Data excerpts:
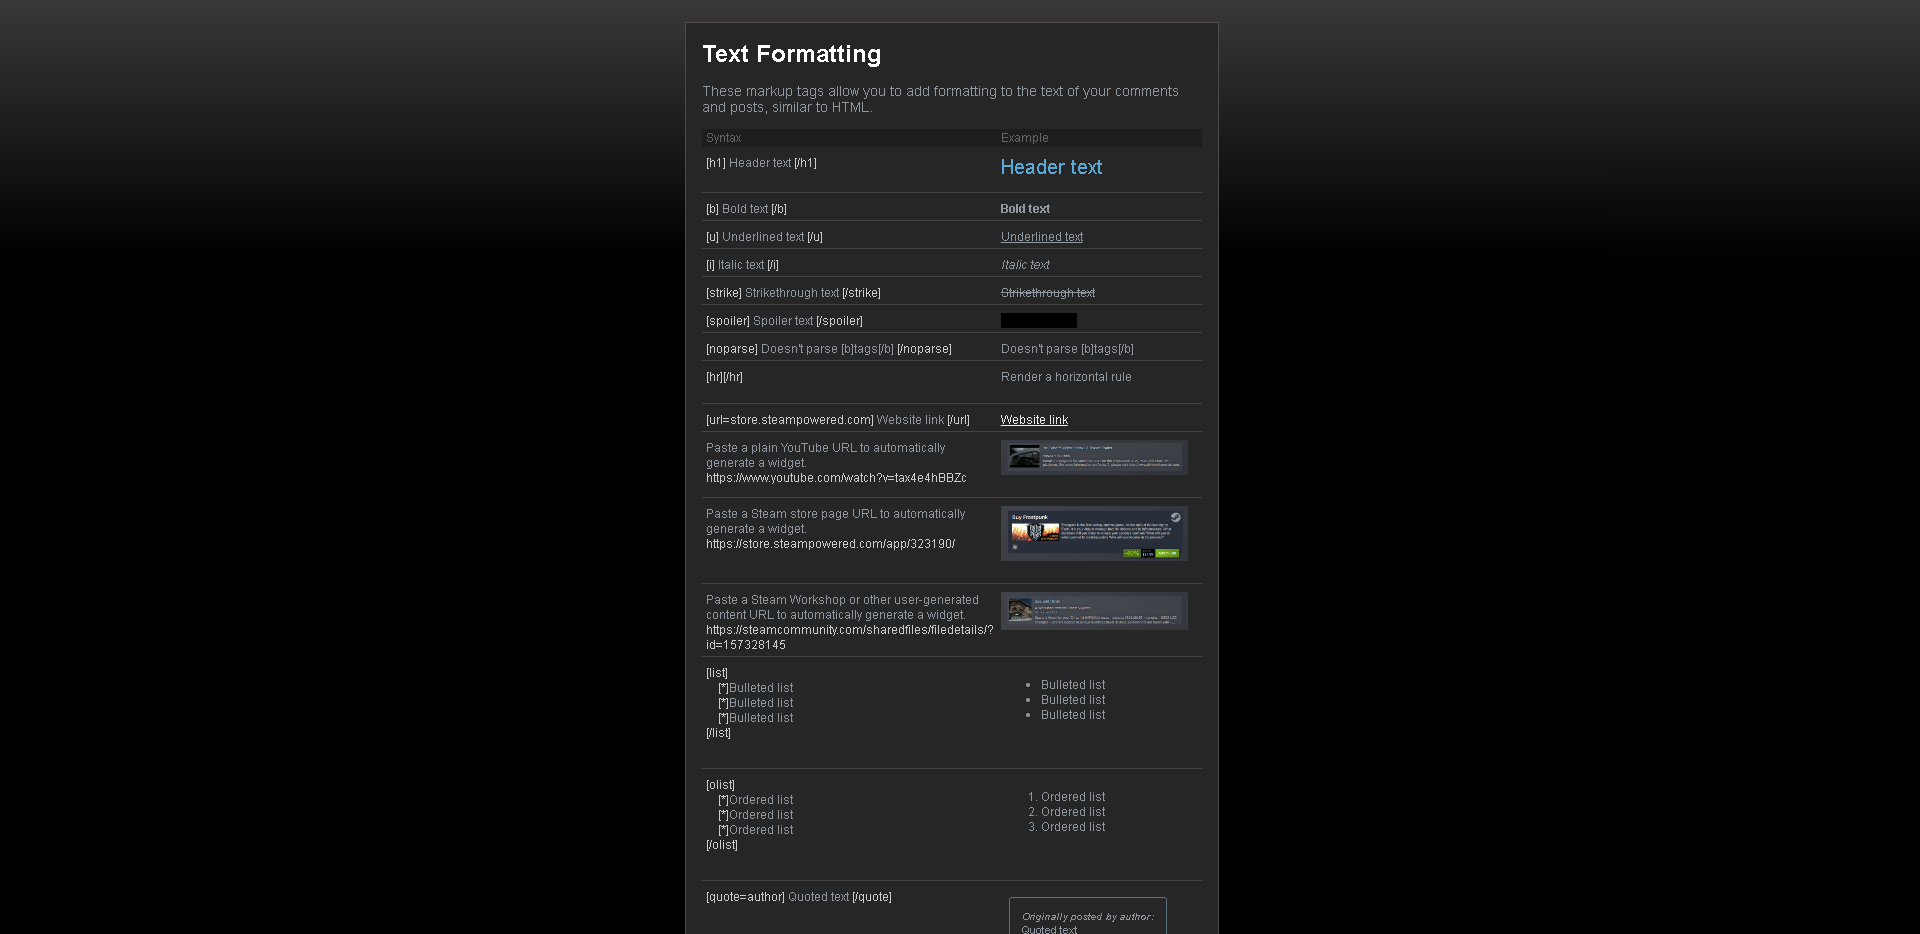 Picture showing the Text Formatting page on Steam
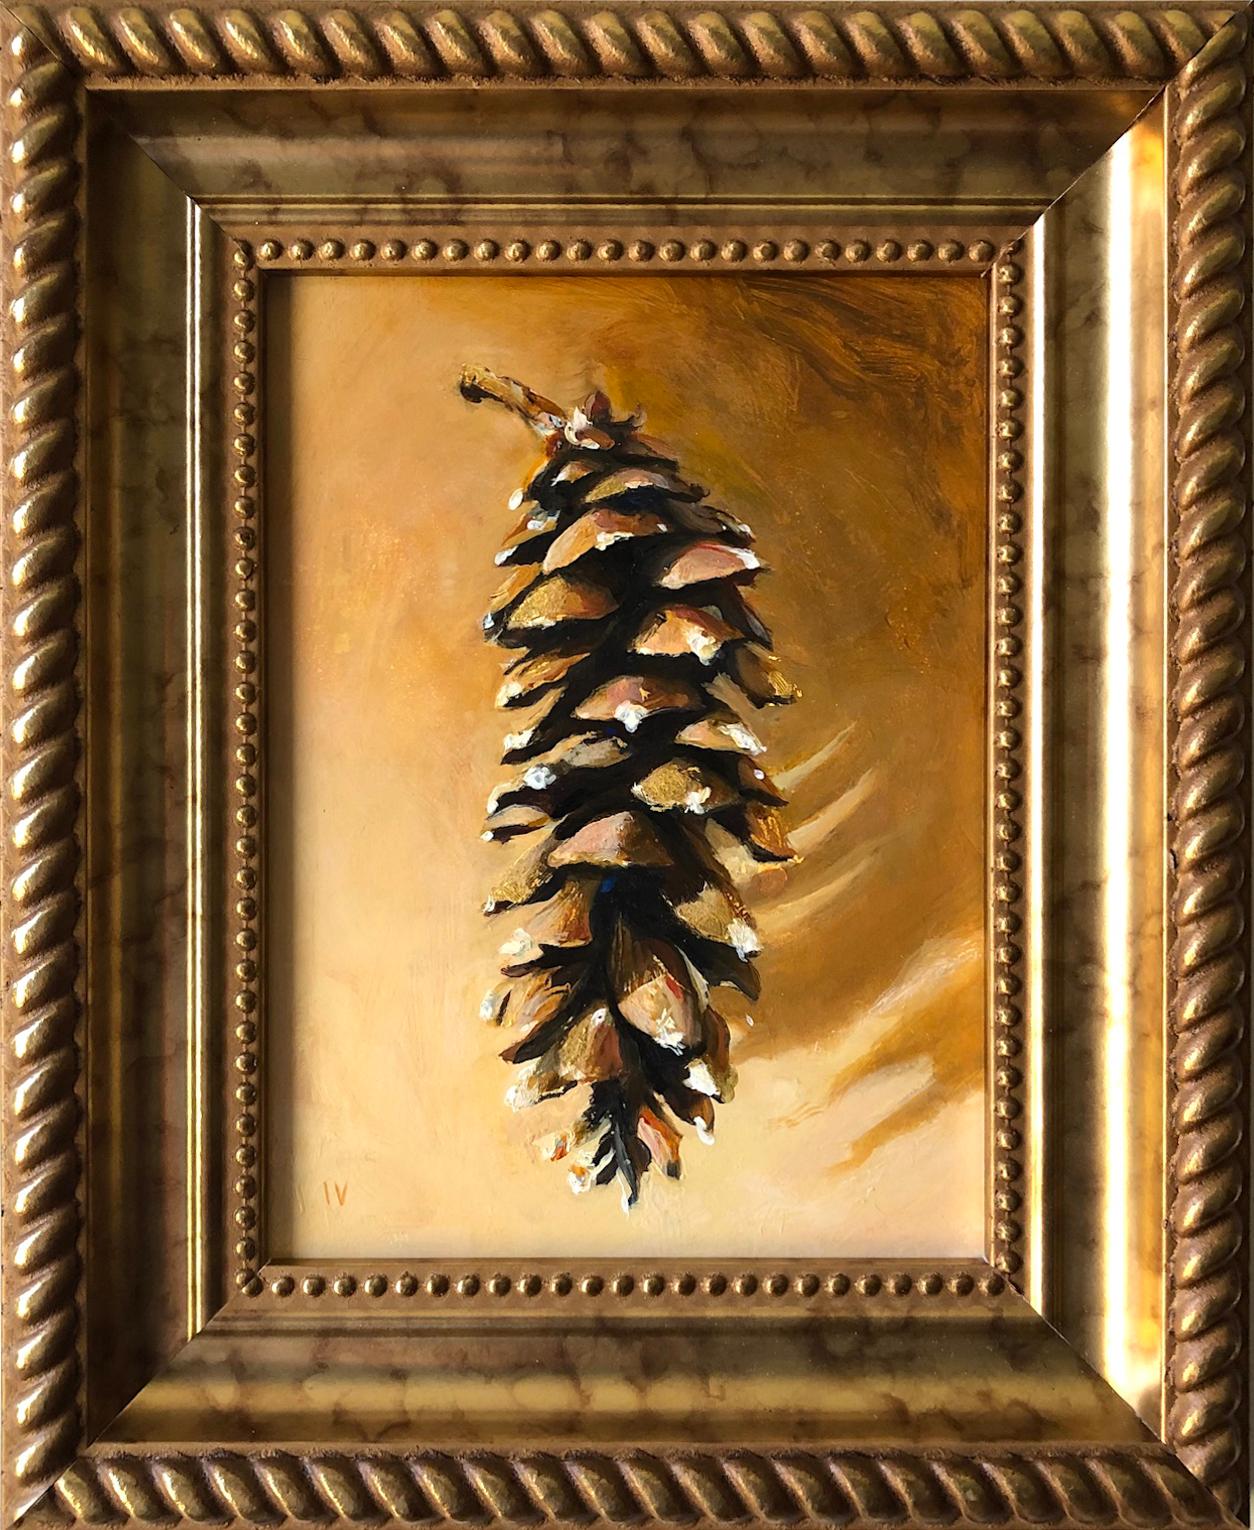 Realistic still life painting of a pine cone with gold leaf on a warm yellow background
"Pinecone #5" By Matthew Hopkins, 2021
Oil on panel
6 x 8 inches unframed
9.5 x 11.5 inches in traditional gold frame

Matthew Hopkins corrals commonplace,
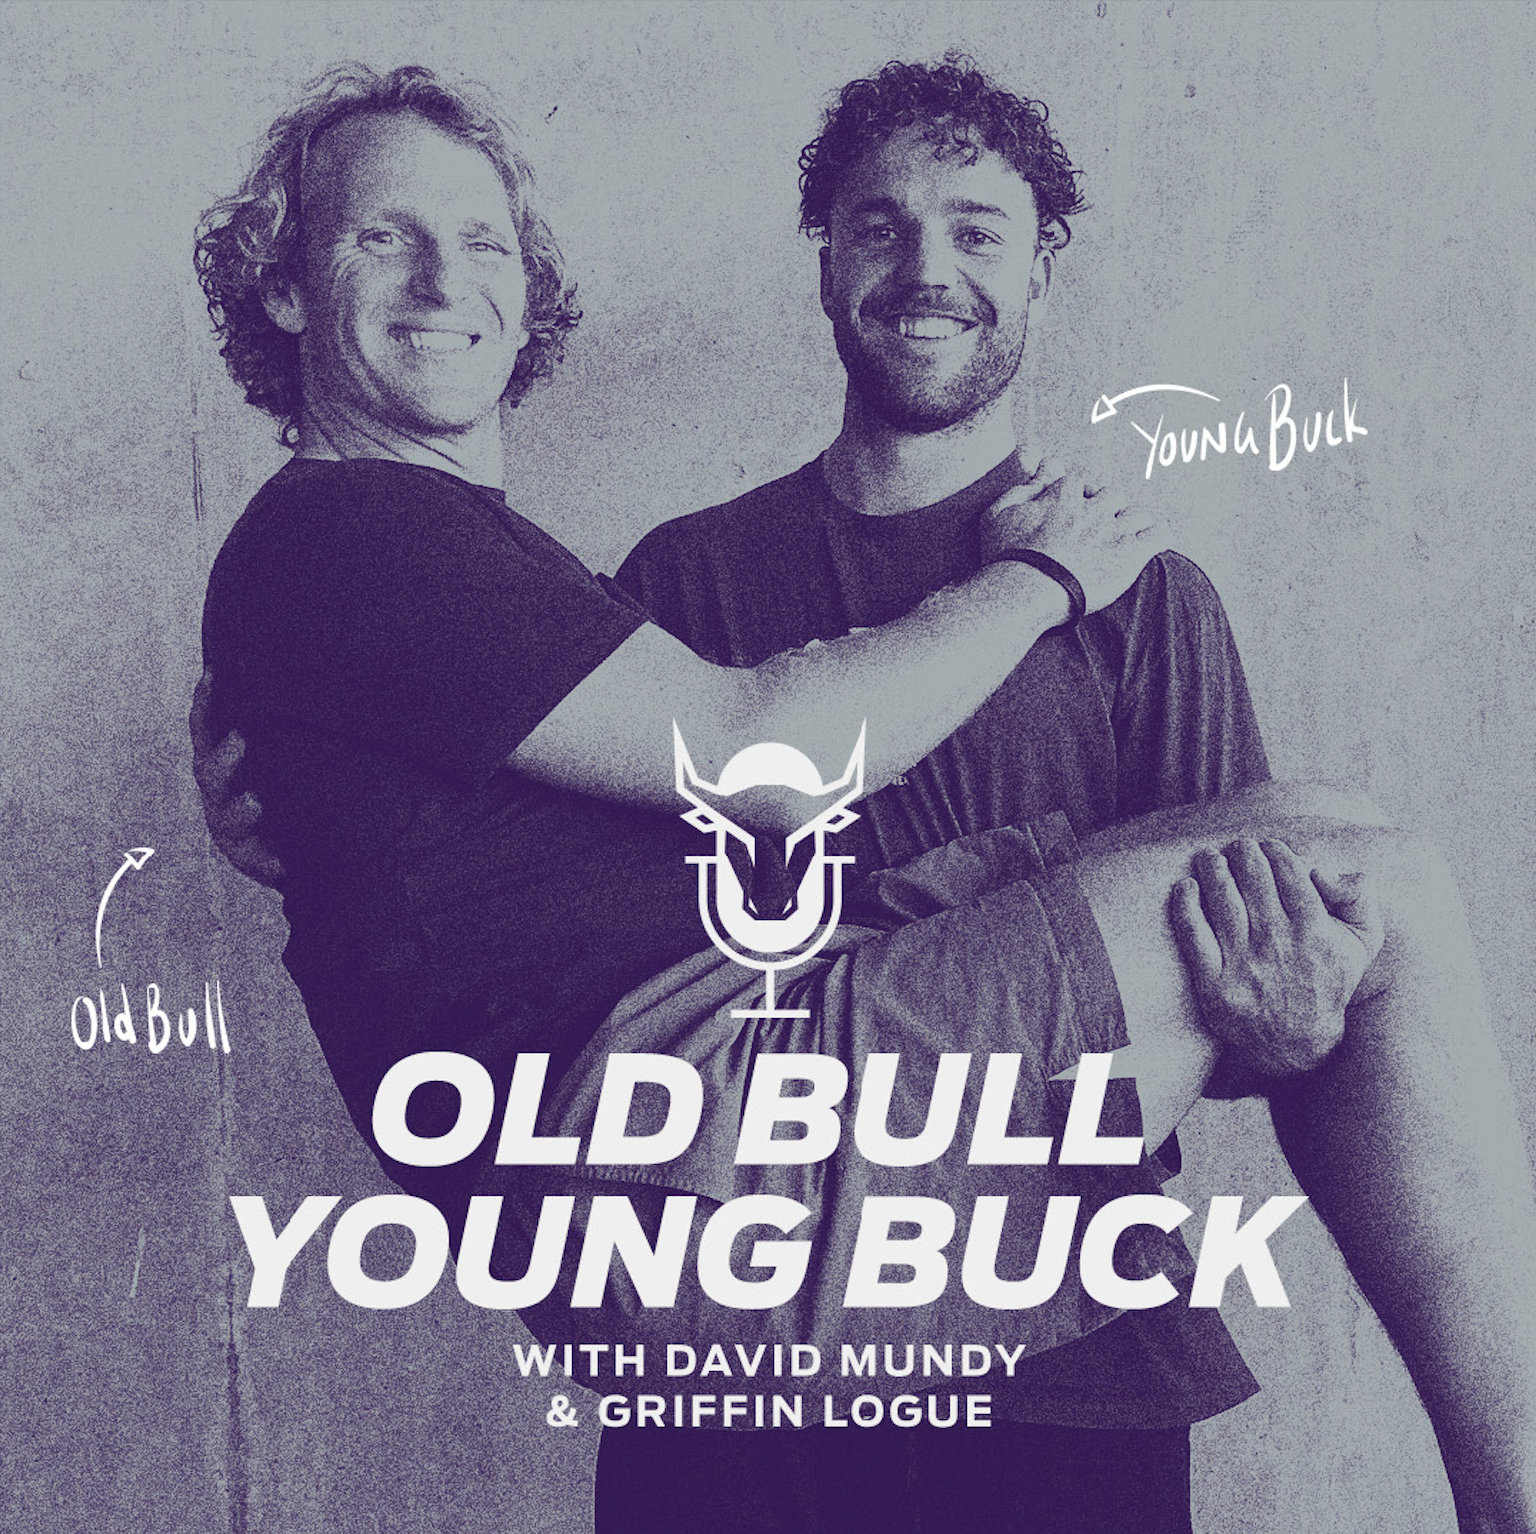 27. Old Bull, Young Buck CROSSOVER POD with Kickin' Back!

### [Directions for this task]
The line containing "Oil on panel" and all lines after it, through the last line of the records, should be returned exactly. Omit the pictures.

### [Result of this task]
Oil on panel
6 x 8 inches unframed
9.5 x 11.5 inches in traditional gold frame

Matthew Hopkins corrals commonplace,
 27. Old Bull, Young Buck CROSSOVER POD with Kickin' Back!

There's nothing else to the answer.